The lower the miles the better your chances. Do you store it in winter? I do mine, and I put extra air in and move it a little every two weeks.


----------



## silversport (Mar 23, 2007)

extra air in the Fall...battery on the Battery Tender...stored for the Winter...these aren't flat spots...just so I'm clear...the tires are out of round...
Bill


----------



## GTO JUDGE (May 14, 2005)

My original OEM's were fine, no complaints. Lasted 26.5k. The replacement one's I had bought and stored are not fine. When I got them I put tire dressing on them put them in black garbage bags and stacked them up, they sat dormant 2.5 years.

I had them installed by the dealer. 2 of them will not balance up (out of round). They did their best to balance them and when it was test driven, I am told the wobble was noticeable. They were removed and worked with until the tolerance is very close but not dead on. The guy did a good job as of now I get no wobble but I do feel flat spots when the car sits a few days. I never had that with the tires that were on the car originally. These tires I have now came off one of the train wrecked GTO's and are OEM tires. I am closely watching these, so far, so....so so. I asked my service writer, what are my chances of these tires being replaced under warranty, and was told they could try but they did not come on the car from new. Needless to say, my next set will not be the B.F.'s.


----------



## GTO JUDGE (May 14, 2005)

Bill, Tires are warranted for defects in workmanship as well as mileage.

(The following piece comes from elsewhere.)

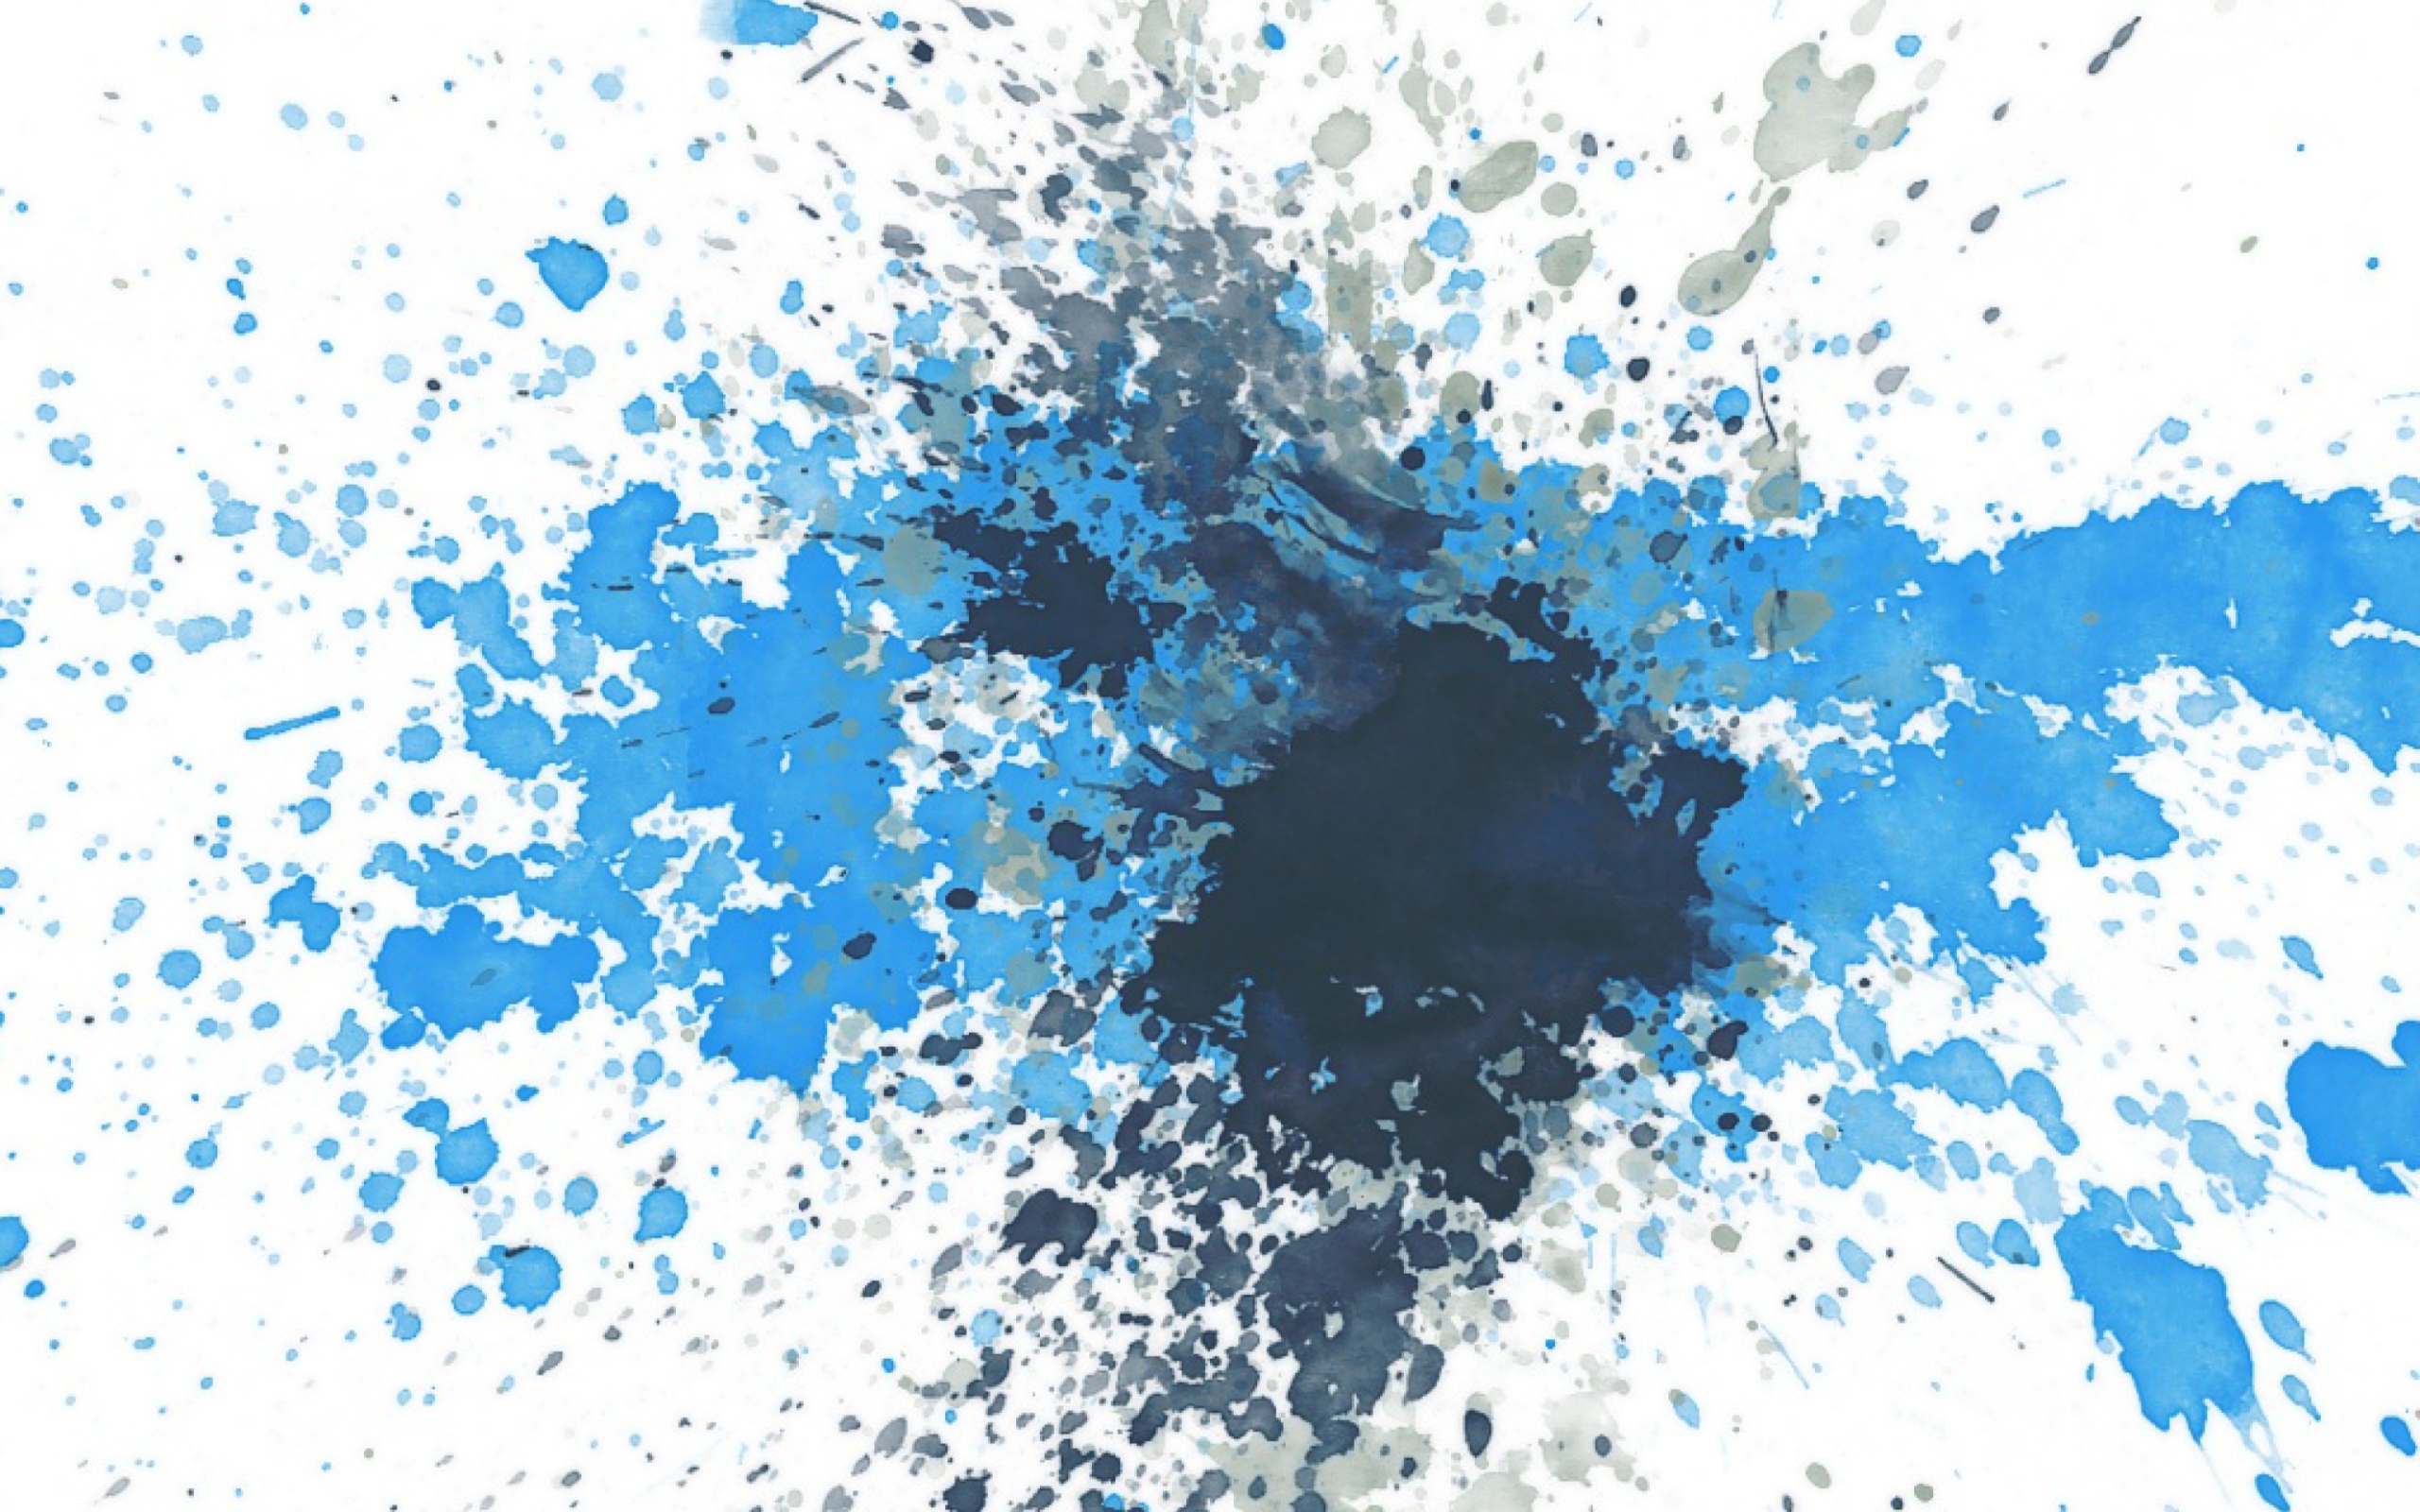 Sfondi Splashes Of Blue 2560x1600

I'd take them back to the dealer and tell them what the other guy said and have your dealer check them out. If they are out of round, you have a legitimate gripe. That is a defect. Can't hurt to try. If you get static maybe ask to share the cost 1/2 and 1/2?


----------



## silversport (Mar 23, 2007)

Judge and everyone...thanks...I have an appointment Friday morning to have them look at this...I was thinking as you say that "defects in workmanship" should cover it but I am old enough to have felt the sting of the loopholes many manufacturers find to not uphold their warranty's...if it gets into an I pay part of the tab, I am not so sure I want to replace these with more B.F. Goodrich tires...I don't have a problem with getting bum tires but I won't reward them by buying another set if they don't warranty them...I have read about the General Exclaim UHPs and many like them BUT some did not and I don't want to be cheap with my car...money saved at this point will quickly be forgotten if I try to drive Summer tires in the colder (but not Winter) weather of Chicagoland...I have usually liked Goodyear tires and also thought of the Eagle F1 A/S but mixed reviews on those too...but I don't want to get ahead of myself just yet...
Thanks,
Bill


----------